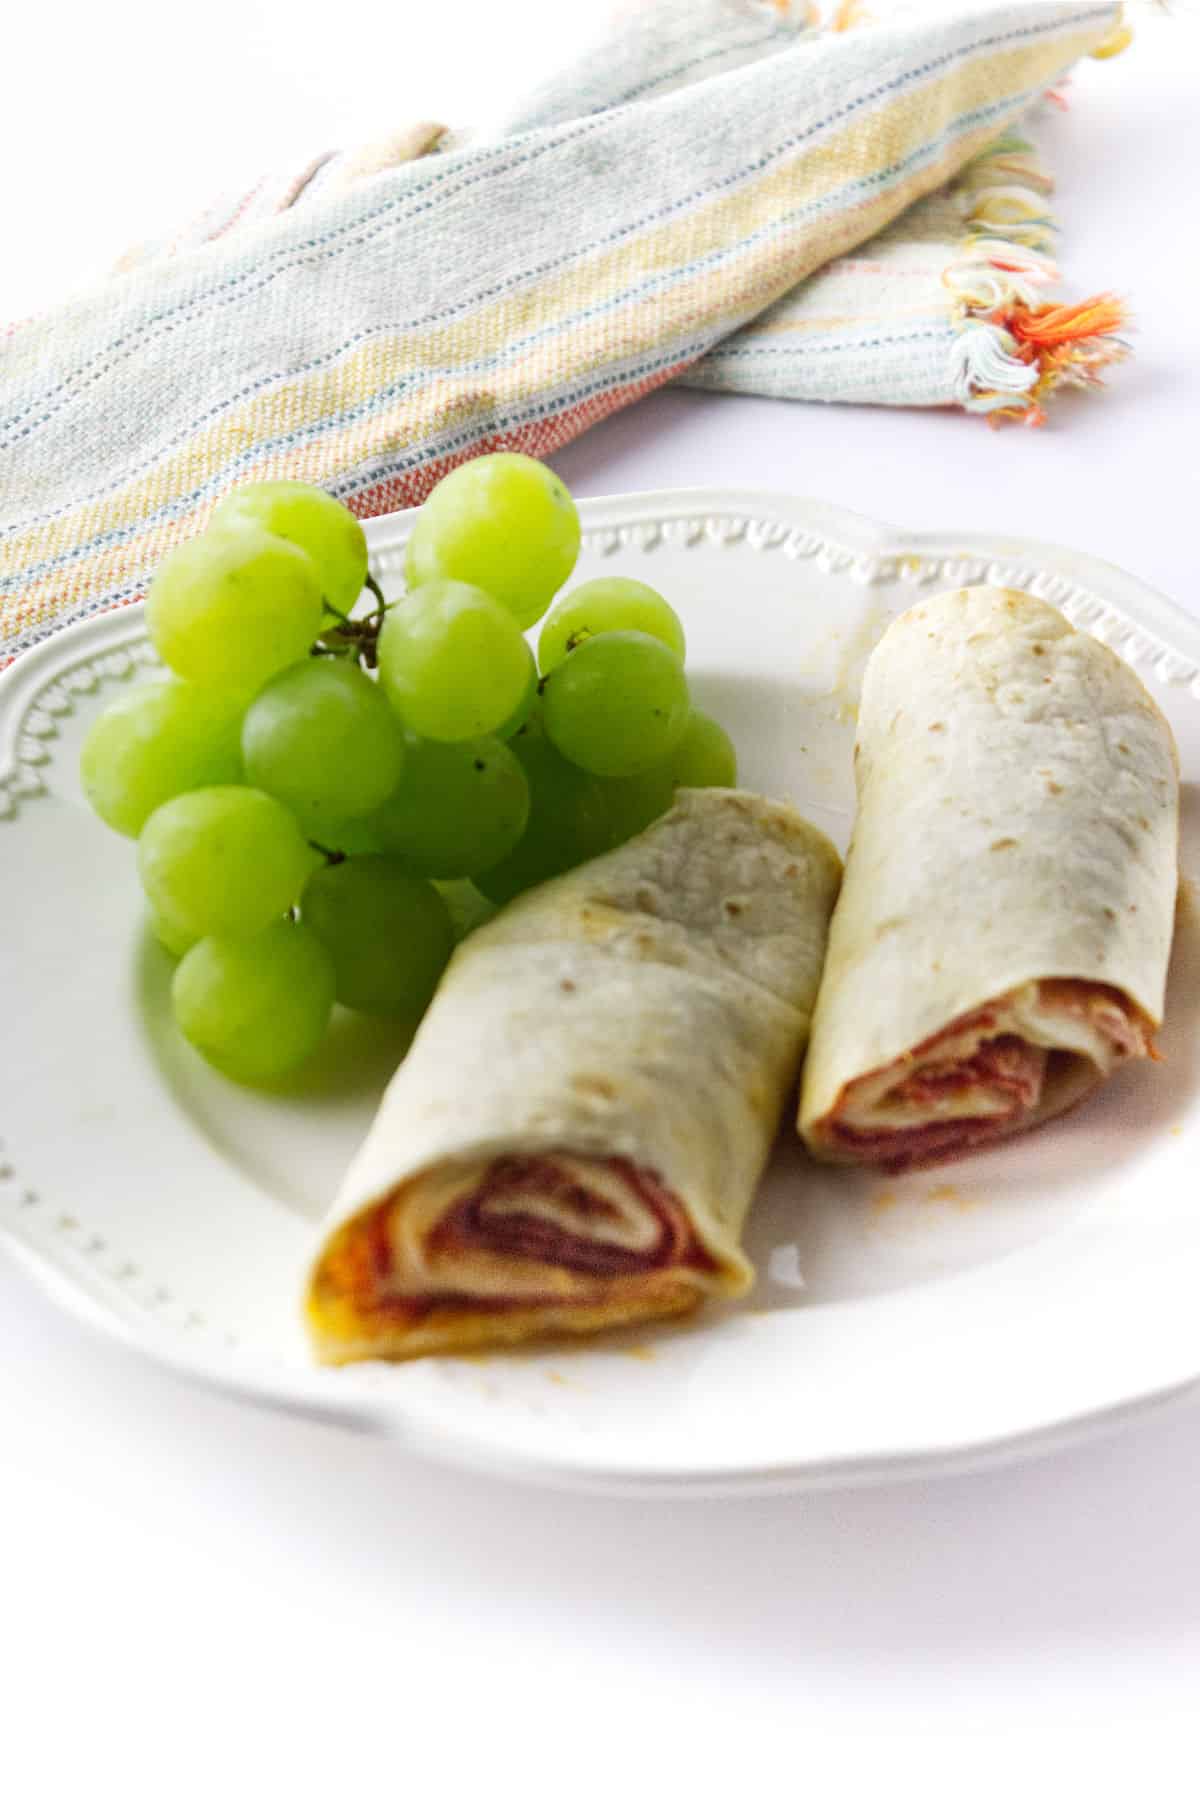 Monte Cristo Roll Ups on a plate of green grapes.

--

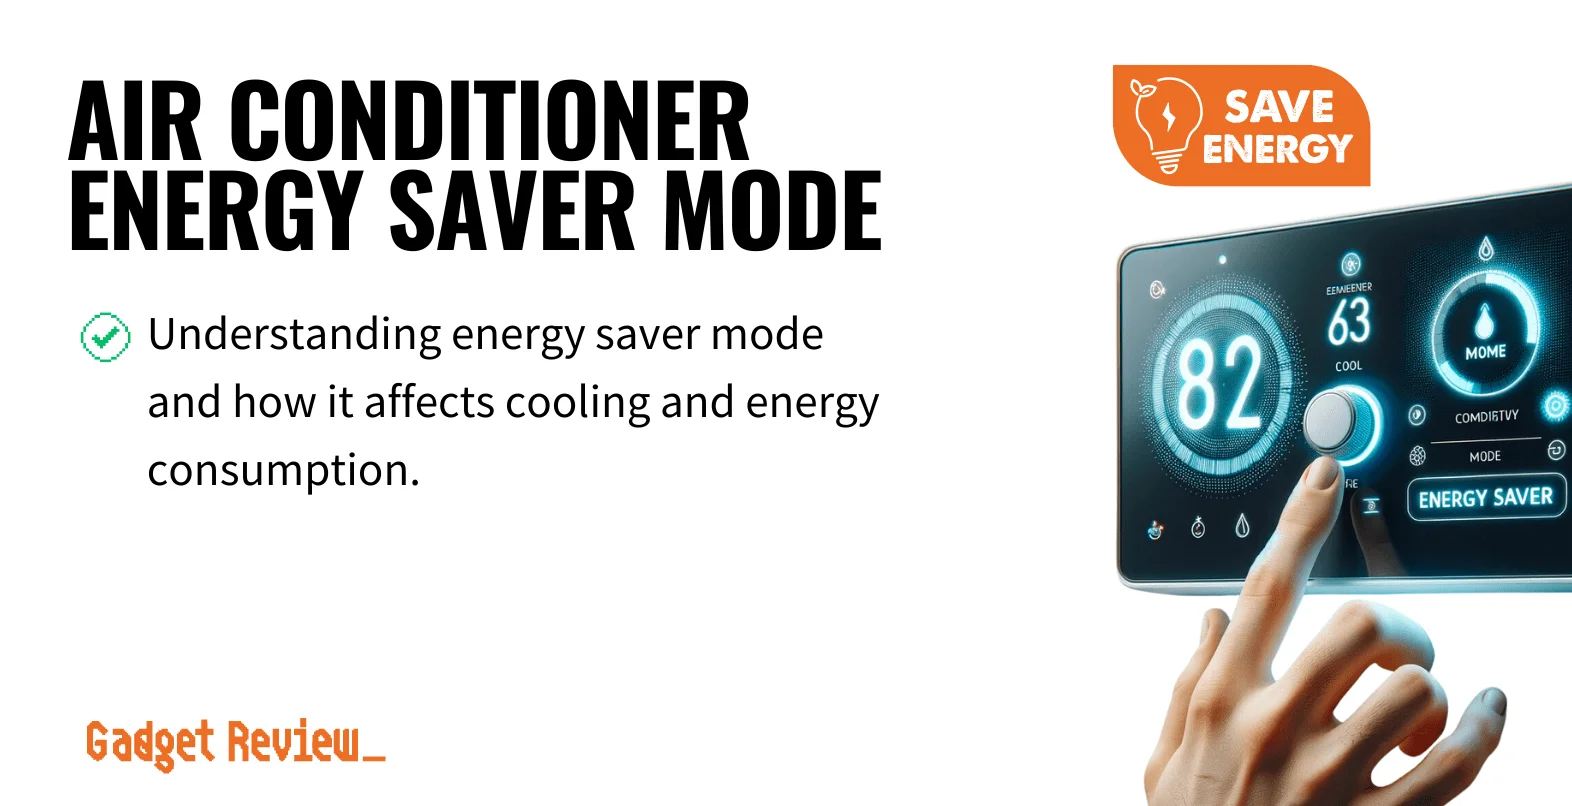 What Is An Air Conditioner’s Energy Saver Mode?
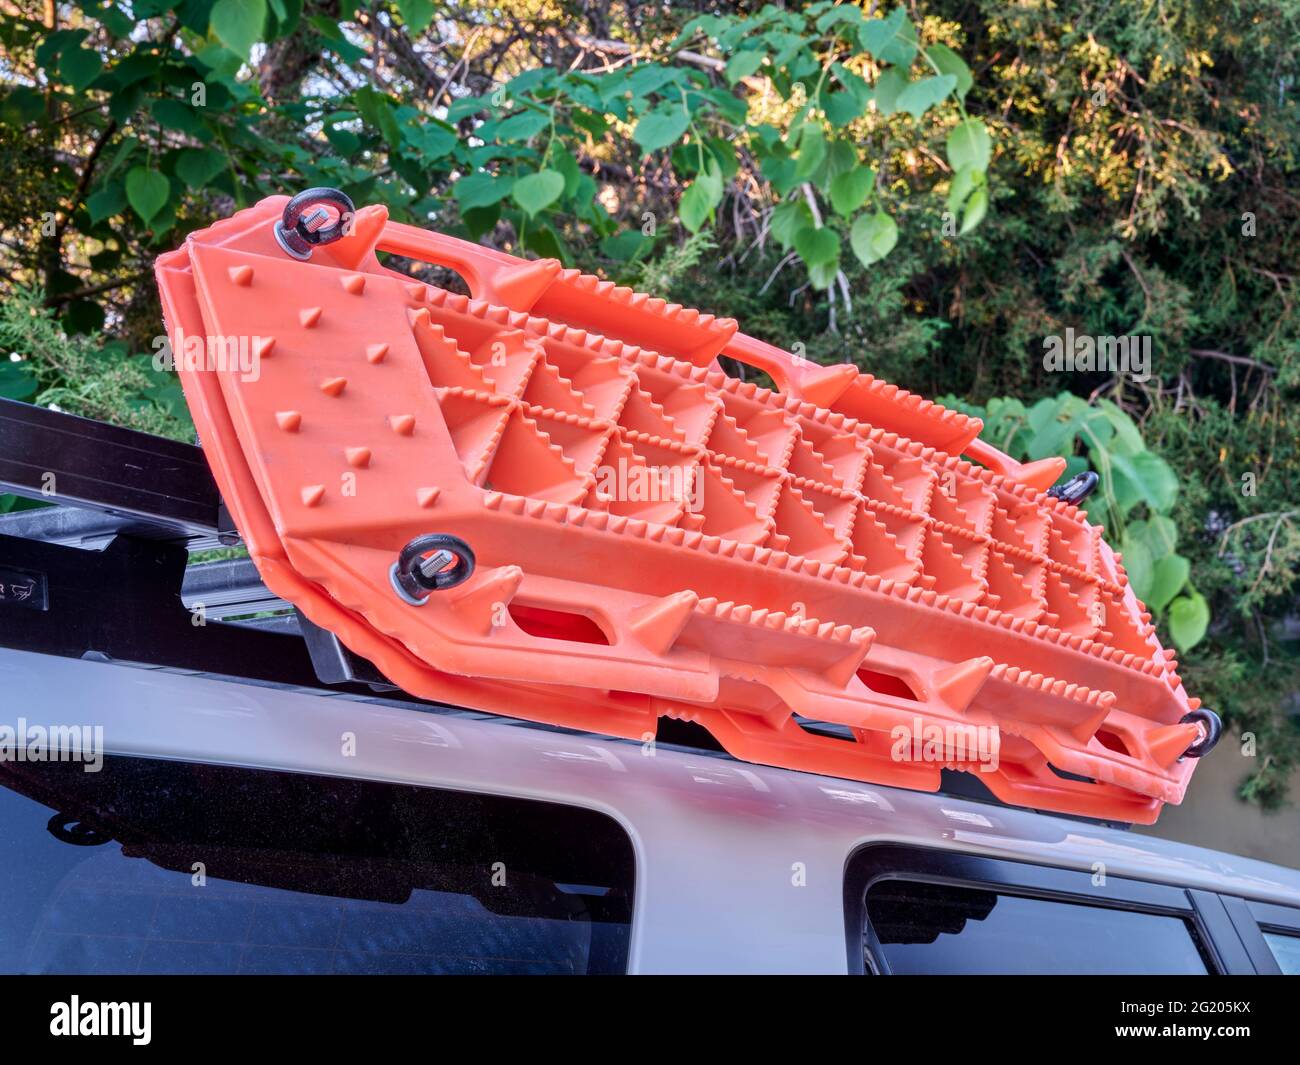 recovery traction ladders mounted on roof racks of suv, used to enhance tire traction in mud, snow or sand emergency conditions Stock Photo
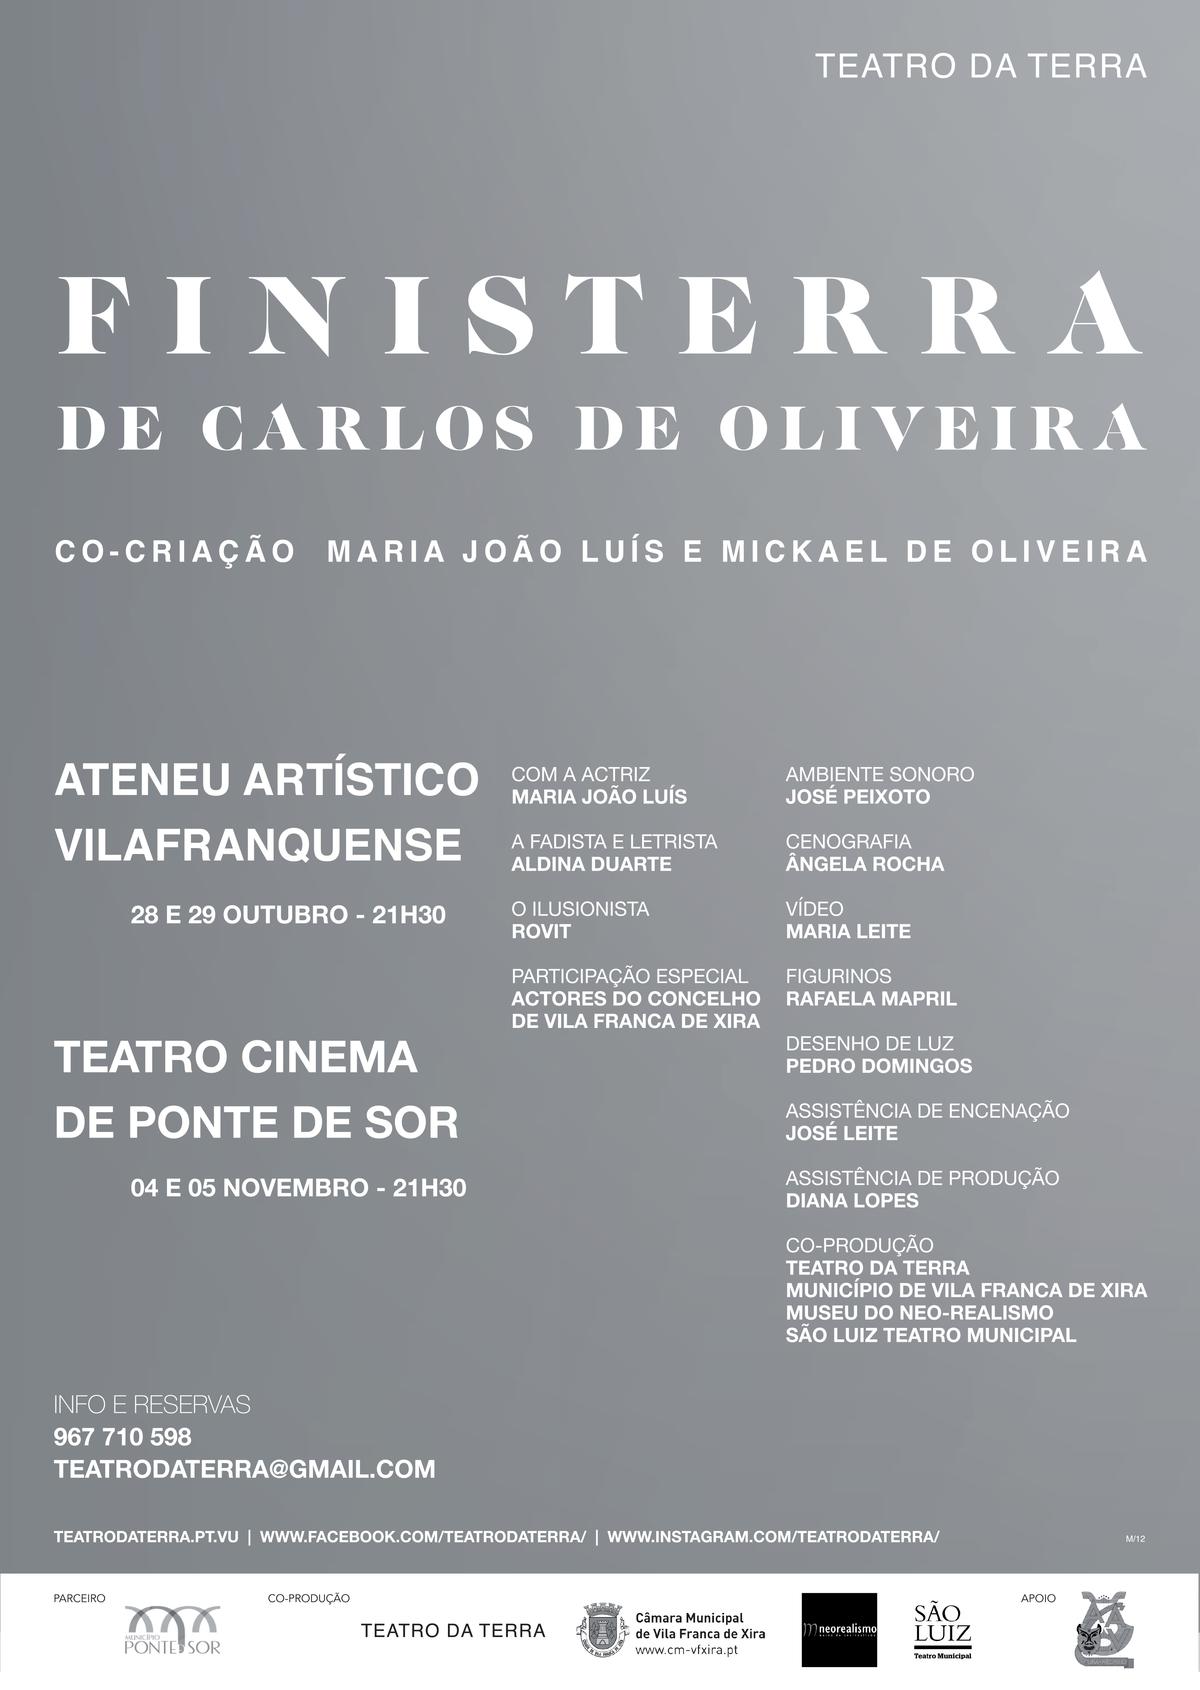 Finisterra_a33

> [About this exercise]: What are the lines in the records above, word for word, from the one containing "recovery traction ladders" through the one containing "Finisterra_a33", both ends included and pictures left out?

> [Output of the exercise]:
 recovery traction ladders mounted on roof racks of suv, used to enhance tire traction in mud, snow or sand emergency conditions Stock Photo
 Finisterra_a33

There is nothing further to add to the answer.